Triangle to Hexagon

This problem gives you a ridiculous geometrical description and asks you to compute some stuff.

First step is to calculate I and center(O). I is the intersection of the angle bisectors, and c(O) is the intersection of the perpendicular bisectors.

NOTE: always use angle. never use slope. slope breaks for vertical lines and angle doesn't.

NOTE: angle bisectors can be computed by calculating the angle that is halfway between the angles. In short, tan((arctan2(y1-y, x1-x) + arctan2(y2-y, x2-x))/2) for the slope, and then we can use the vertex coordinates as offsets

NOTE: perpendicular bisectors can be computed by adding pi/2 to the angle of the line, calculating the midpoint (just average the two points!), and then using that to find the offsets

Next we have to calculate the radius of O. This is simply the distance from center(O) to one of the triangle vertices.

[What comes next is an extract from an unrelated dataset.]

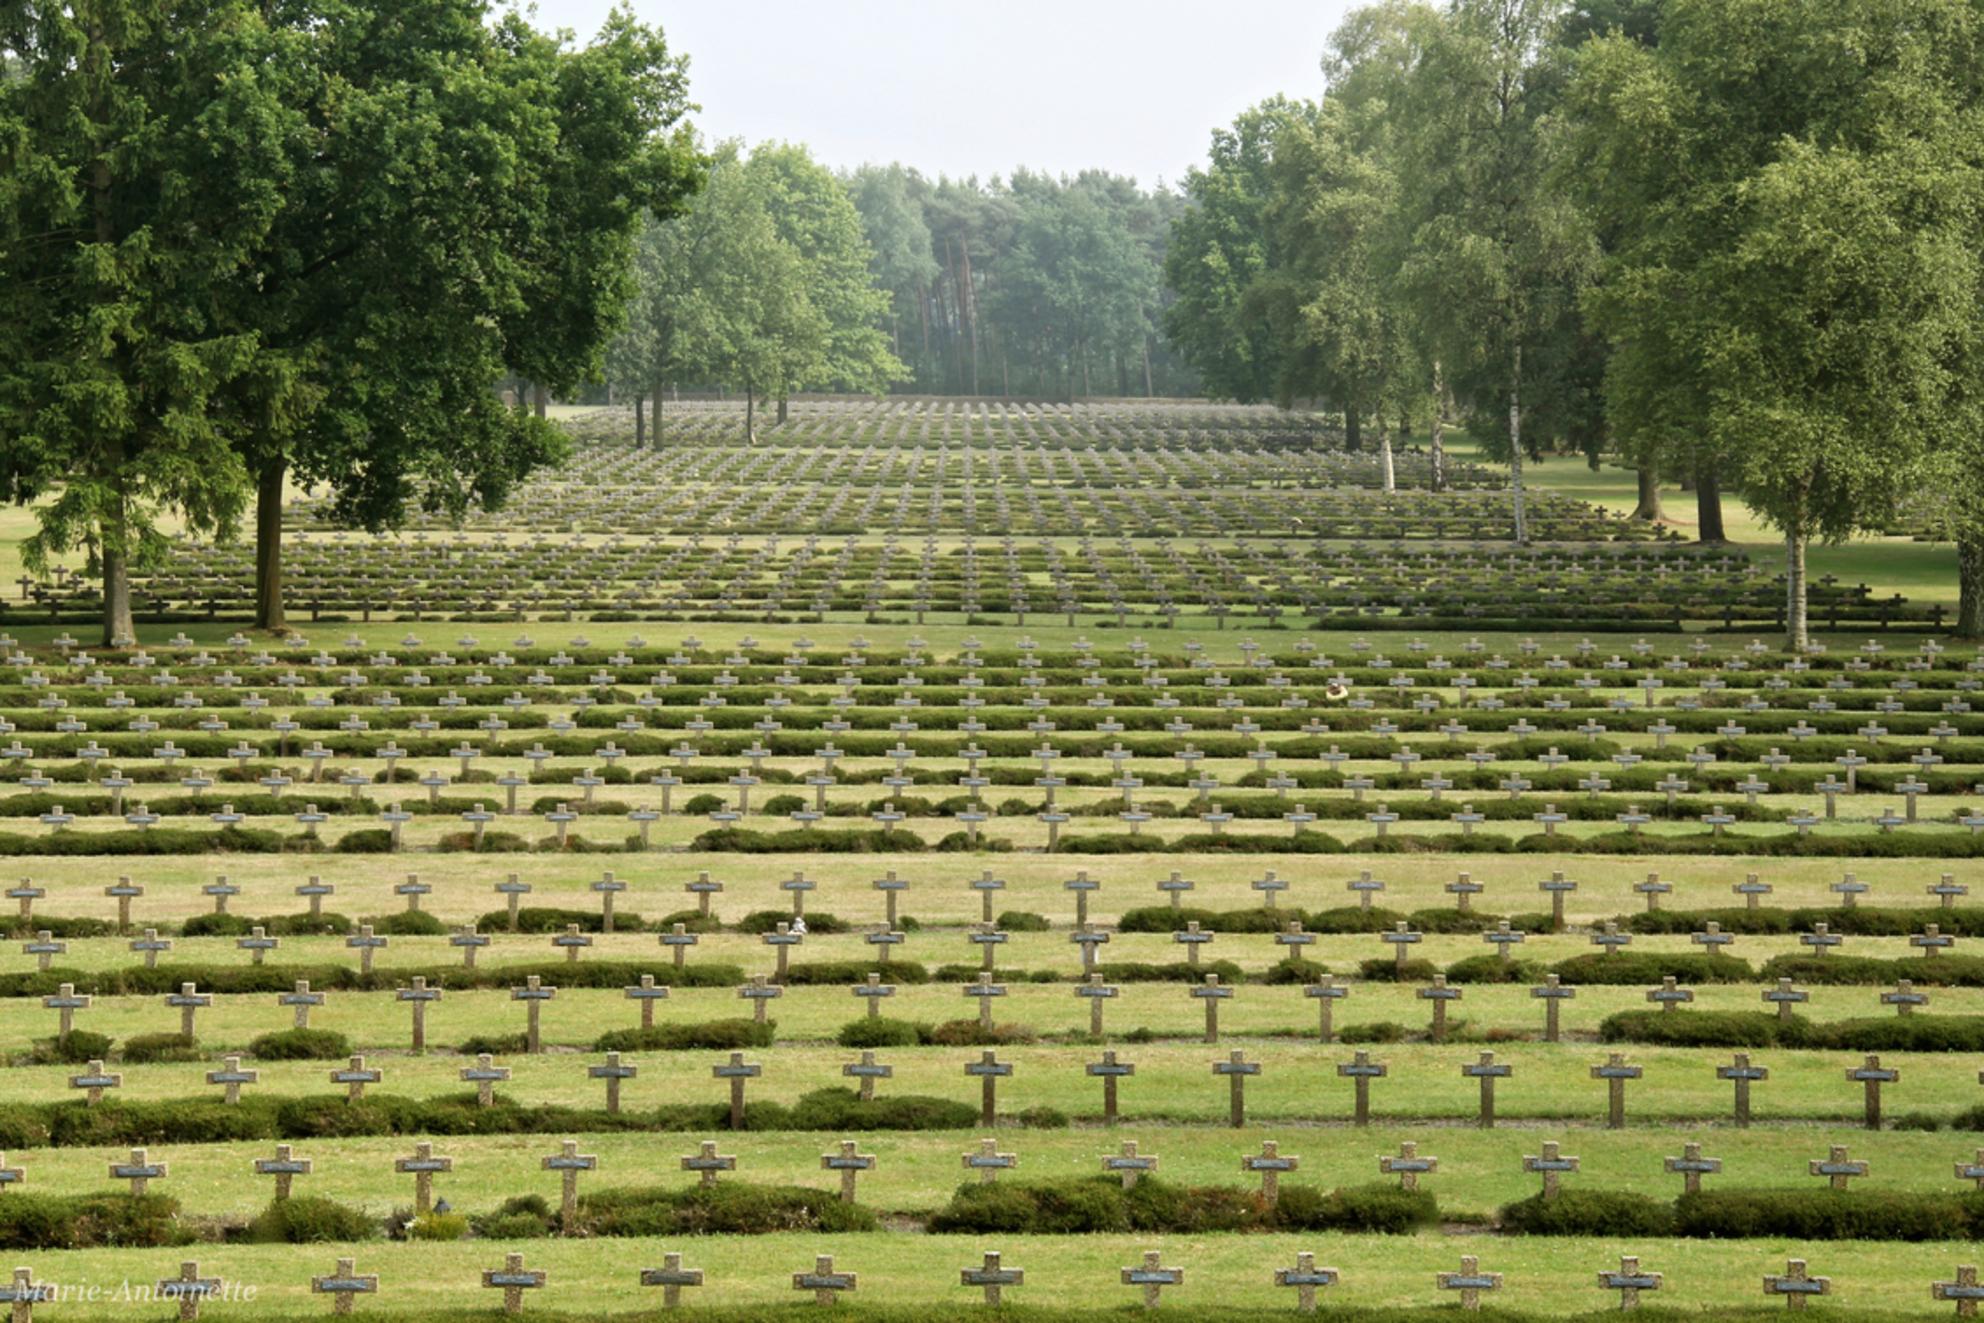 Duitse Militaire Begraafplaats Lommel - Gruwelijke plaats. Bijna 20.000 kruizen met op iedere kruis 2 namen. 39.102 Duitse doden. Hier gezien vanaf het monument, recht vooruit gezien, link - foto door Marie-Antoinette op 11-07-2014 - deze foto bevat: kerkhof, militair, duits, lommel - Deze foto mag gebruikt worden in een Zoom.nl publicatie

Next we can calculate the intersection of the angle bisectors with O. This can either be done by finding the line perpendicular to the bisector which goes through center(O), then solving the circle intersection using trig, or we can also be lazy if we'd like and binary search along the bisector to find the point which is the right distance from center(O). Either way works.

After we've done that, we have points to define all relevant line segments, at which point, we just have to perform intersection between all the lines we need to, and calculate the distances between them.